Task goal >>
Nothing but the lines from the one holding "Dudenhofen von oben" through the last line of the material below should be set down, exactly and without images.

Collected data >>

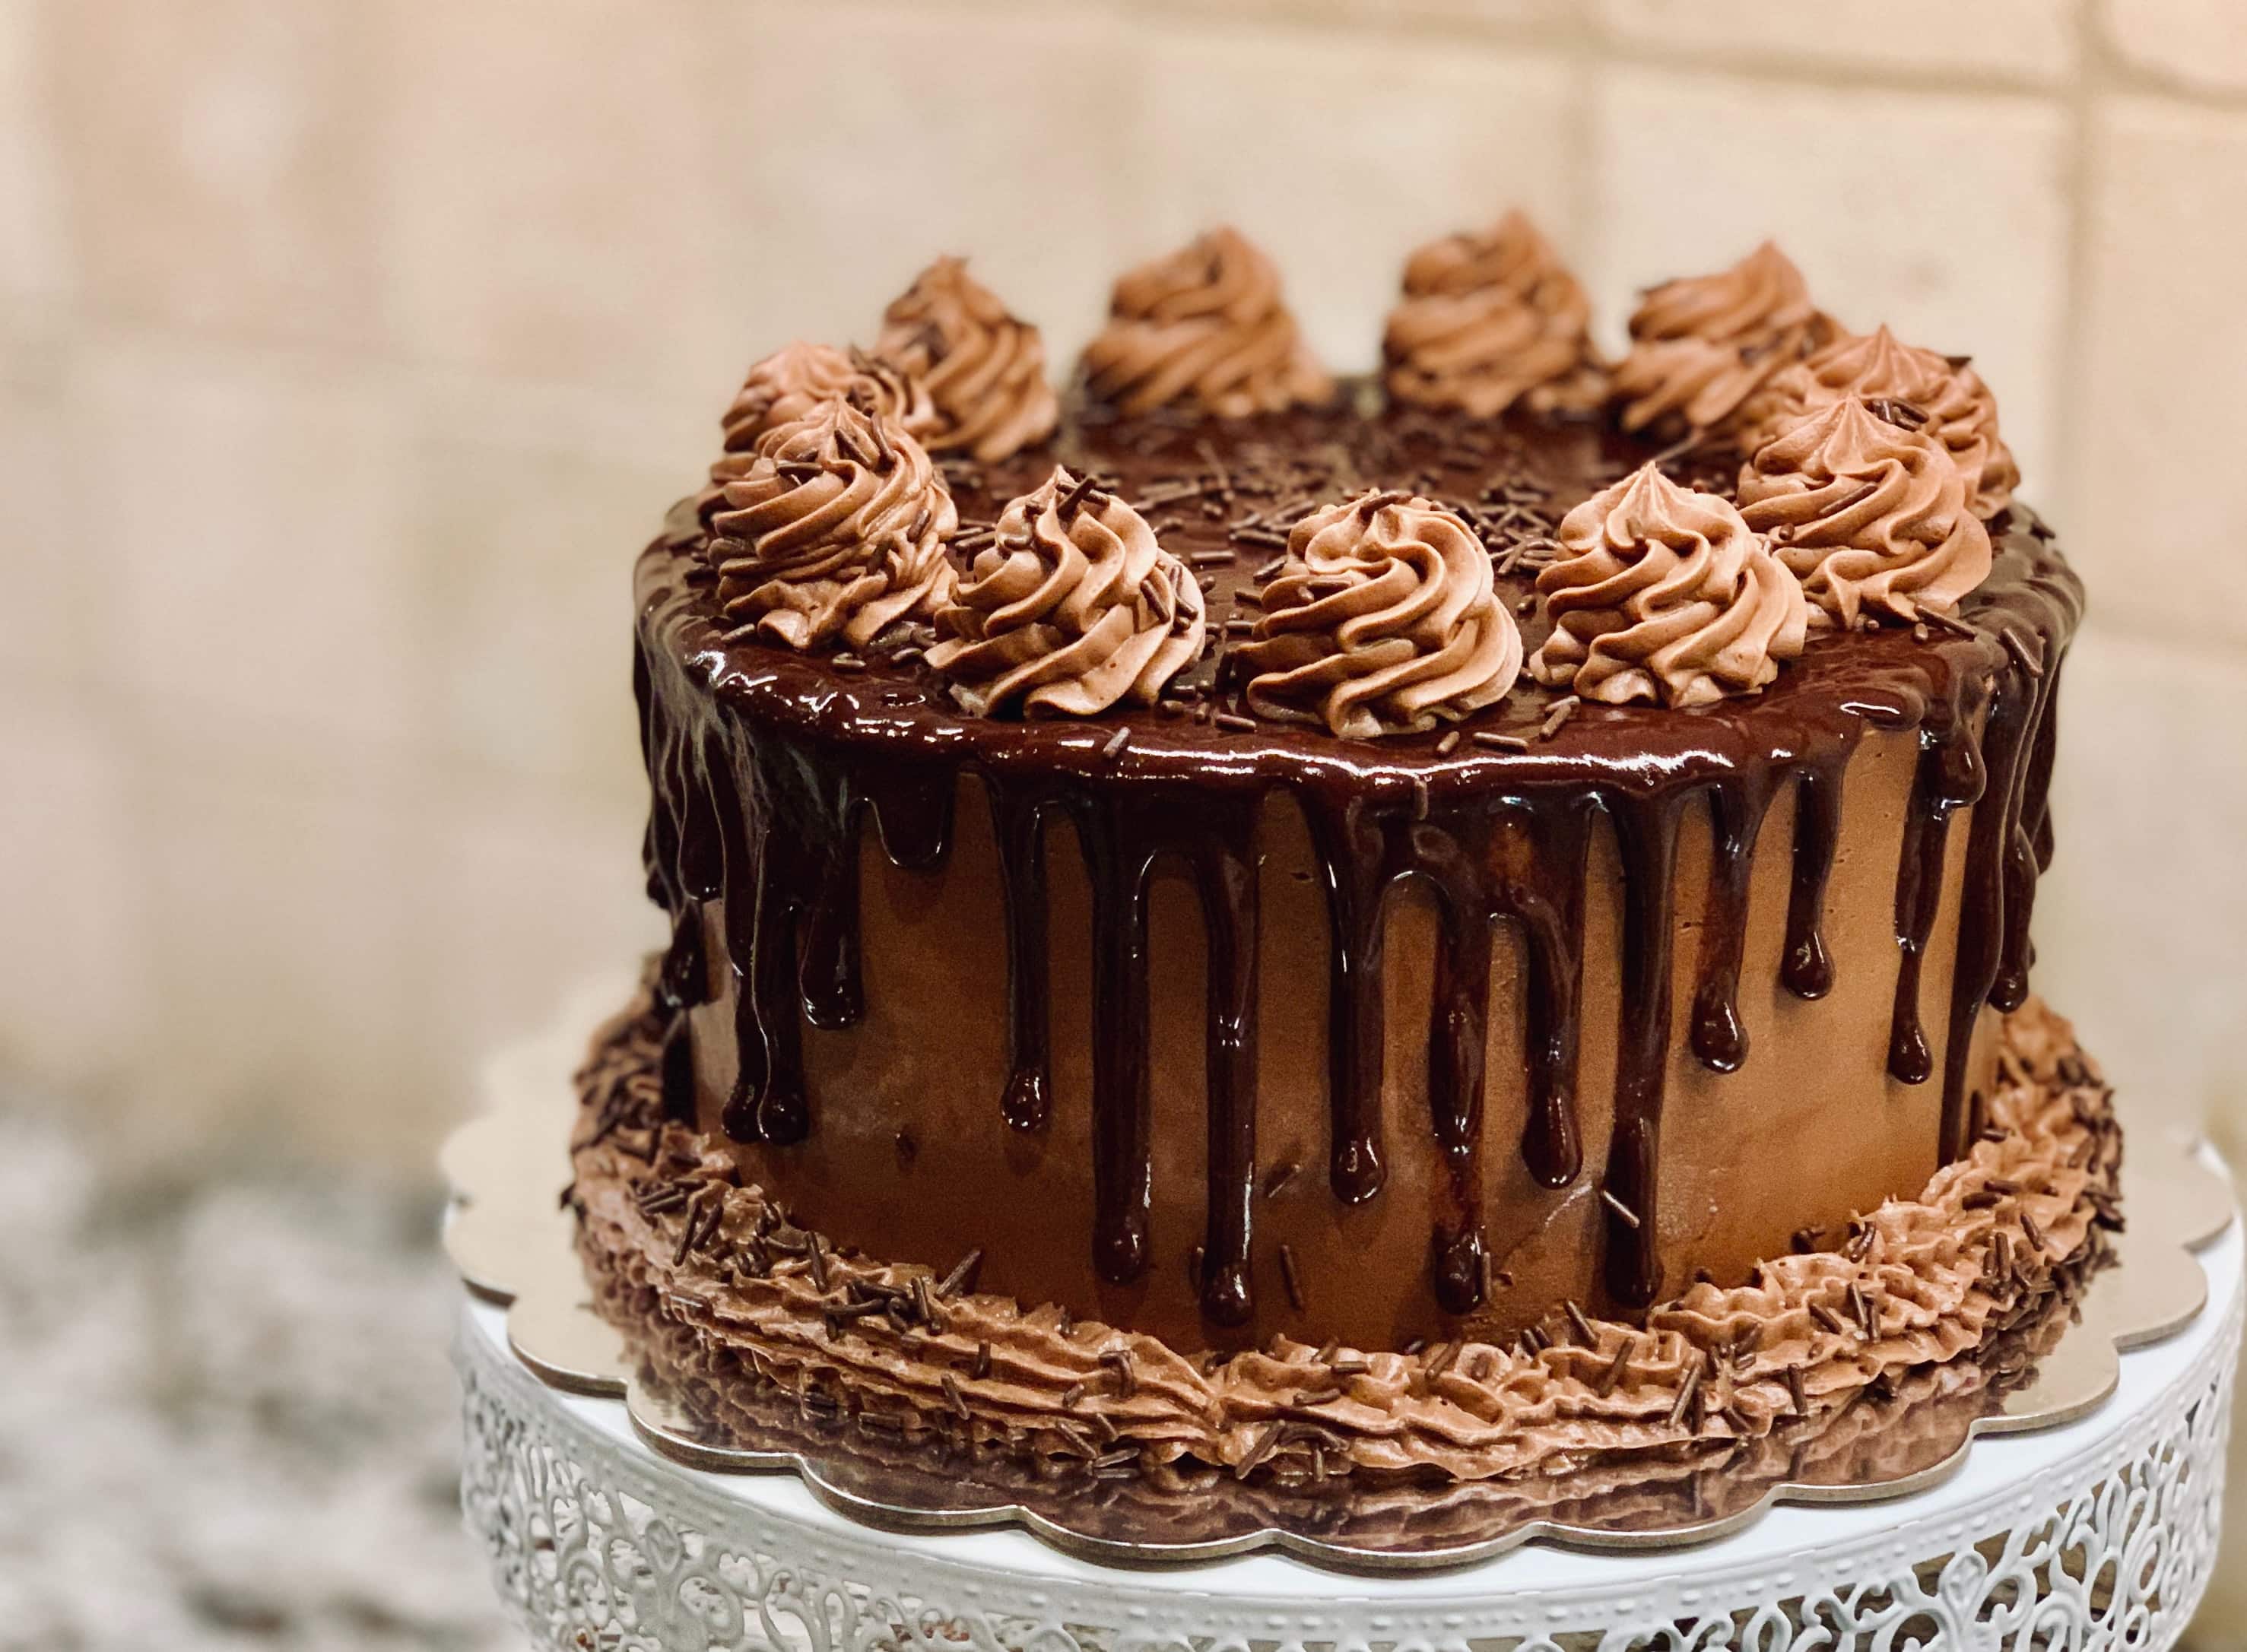 ❤️ Chocolate Shaped Birthday Cake For Bhushan
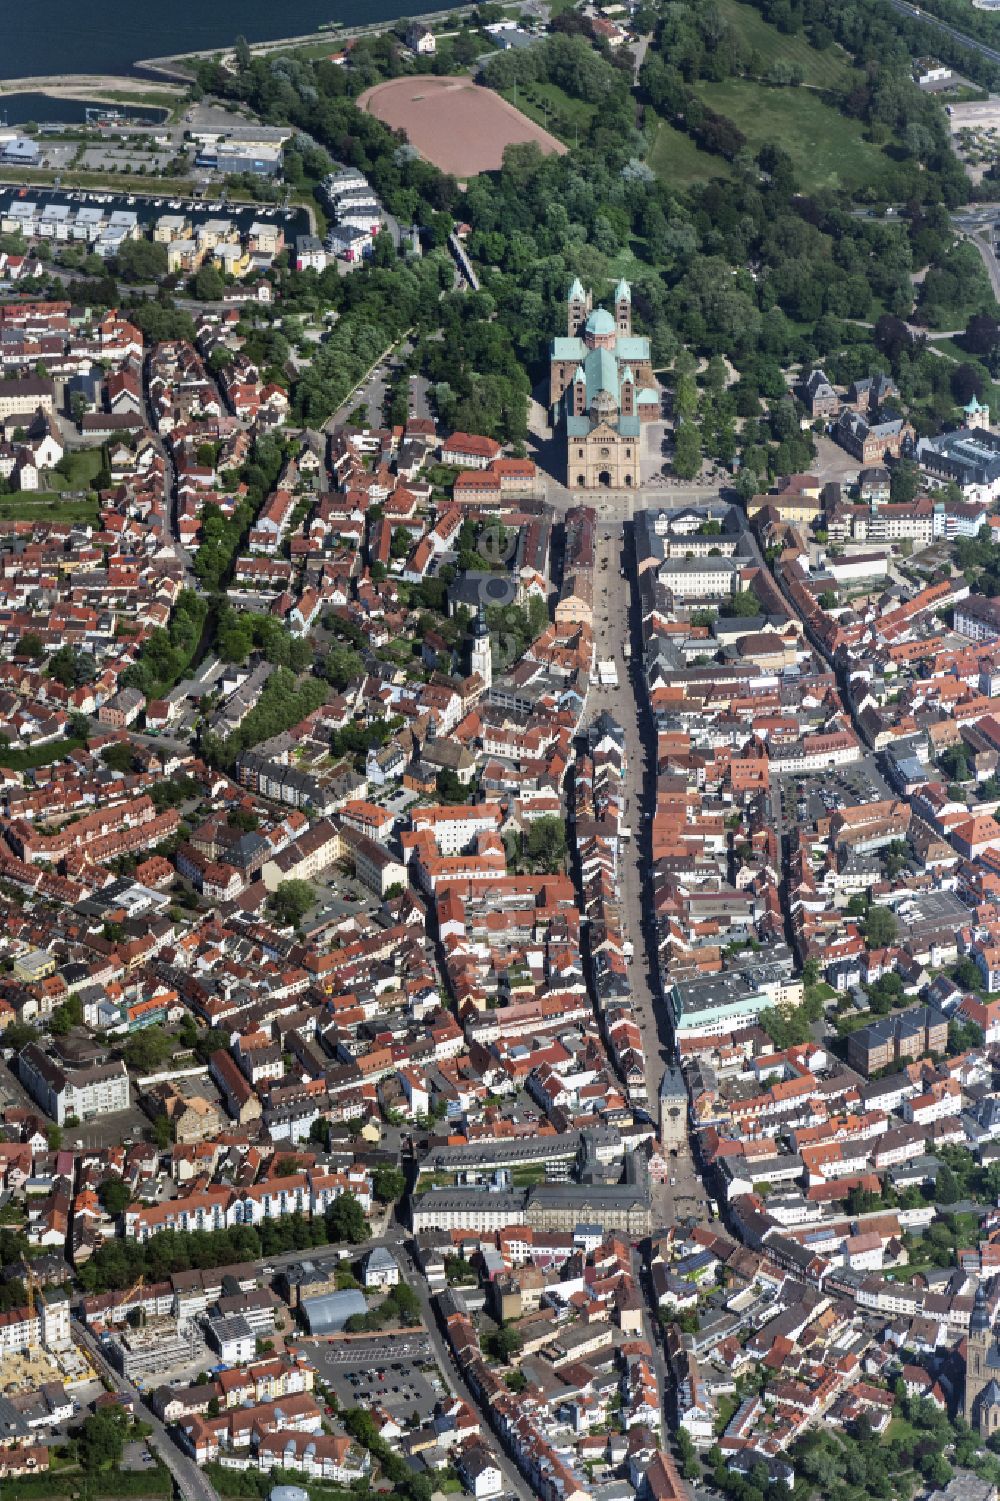 Dudenhofen von oben - Stadtzentrum im Innenstadtbereich in Dudenhofen im Bundesland Rheinland-Pfalz, Deutschland
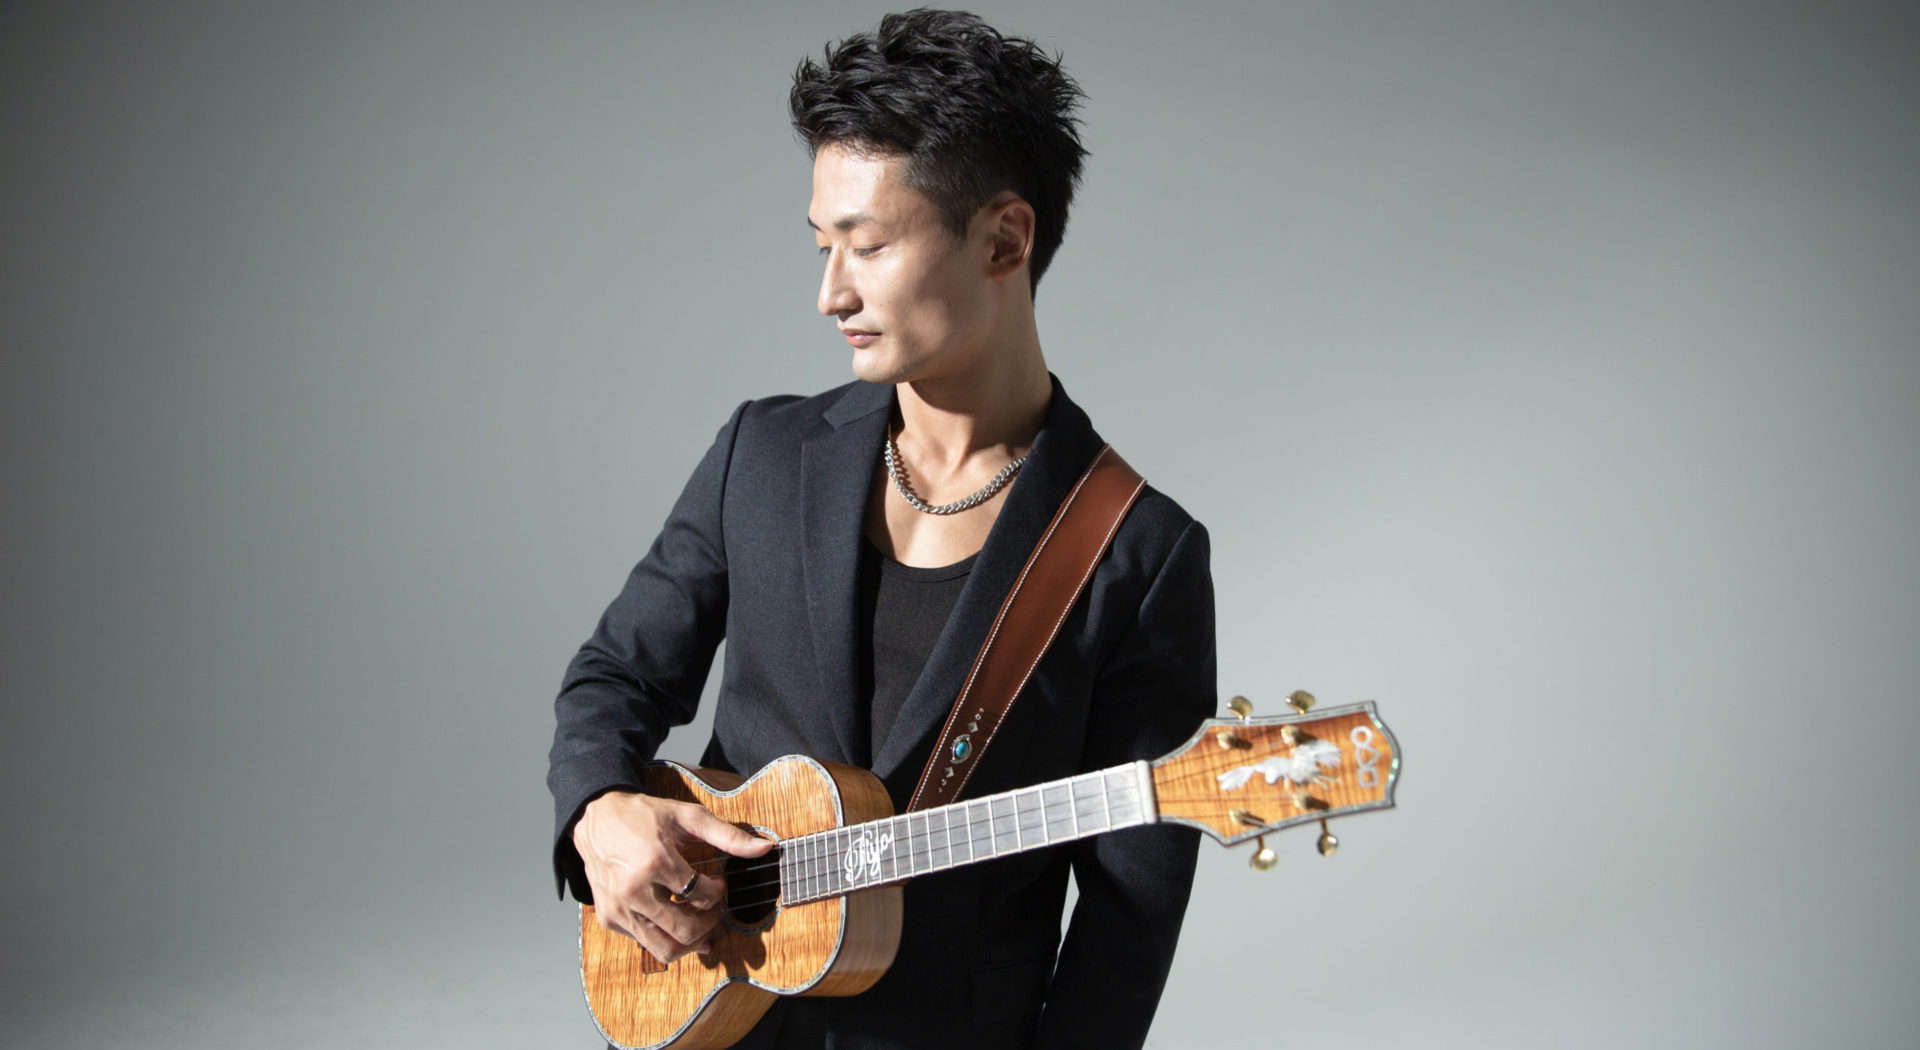 『Ryo Natoyama Unplugged Concert』@Earlybirds Across

Response >>
 Dudenhofen von oben - Stadtzentrum im Innenstadtbereich in Dudenhofen im Bundesland Rheinland-Pfalz, Deutschland
 『Ryo Natoyama Unplugged Concert』@Earlybirds Across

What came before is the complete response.